Timothy A. Yap, Jordi Rodon, David S. Hong
This book provides a detailed review of how oncology drug development has changed over the past decade, and serves as a comprehensive guide for the practicalities in setting up phase I trials. The book covers strategies to accelerate the development of novel antitumor compounds from the laboratory to clinical trials and beyond through the use of innovative mechanism-of-action pharmacodynamic biomarkers and pharmacokinetic studies.
The reader will learn about all aspects of modern phase I trial designs, including the incorporation of precision medicine strategies, and approaches for rational patient allocation to novel anticancer therapies. Circulating biomarkers to assess mechanisms of response and resistance are changing the way we are assessing patient selection and are also covered in this book. The development of the different classes of antitumor agents are discussed, including chemotherapy, molecularly targeted agents, immunotherapies and also radiotherapy. The authors also discuss the lessons that the oncology field has learnt from the development of hematology-oncology drugs and how such strategies can be carried over into therapies for solid tumors. There is a dedicated chapter that covers the specialized statistical approaches necessary for phase I trial designs, including novel Bayesian strategies for dose escalation.

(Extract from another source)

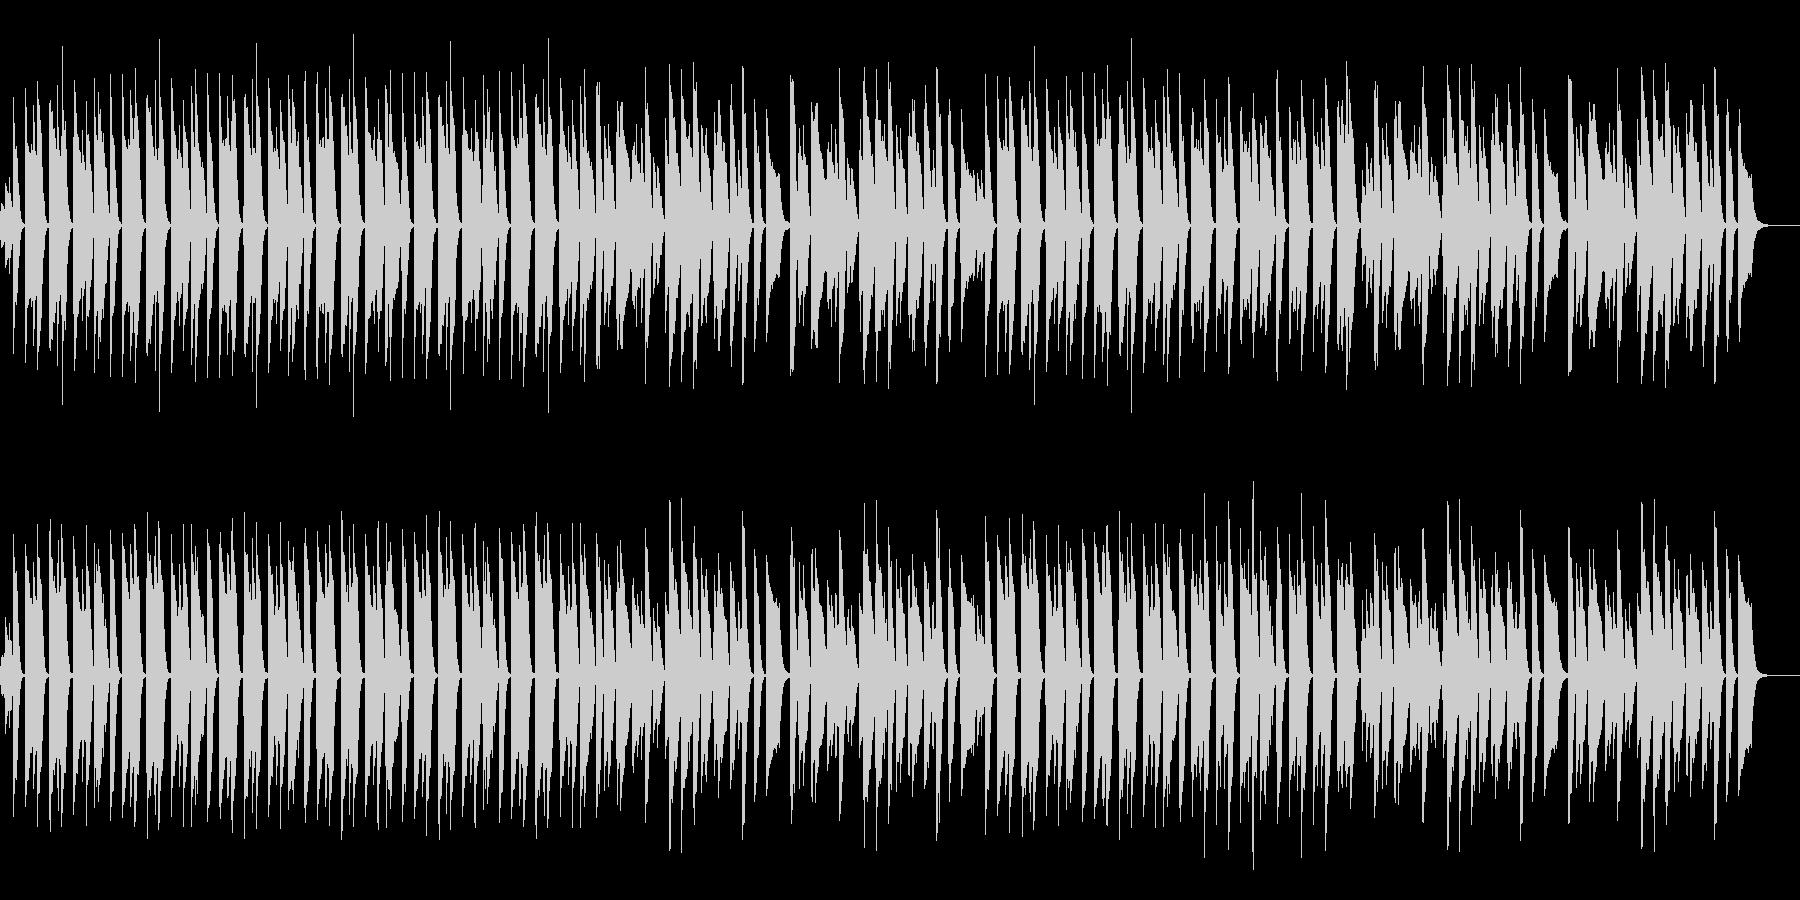 シンプルで温かみのある明るいピアノ曲の未再生の波形

This volume is designed to help clinicians better understand phase I clinical trials, but would also be of use to translational researchers (MDs and PhDs), and drug developers from academia and industry interested in cancer drug development. It could also be of use to phase I trial study coordinators, oncology nurses and advanced practice providers. Other health professionals interested in the treatment of cancer will also find this book of great value.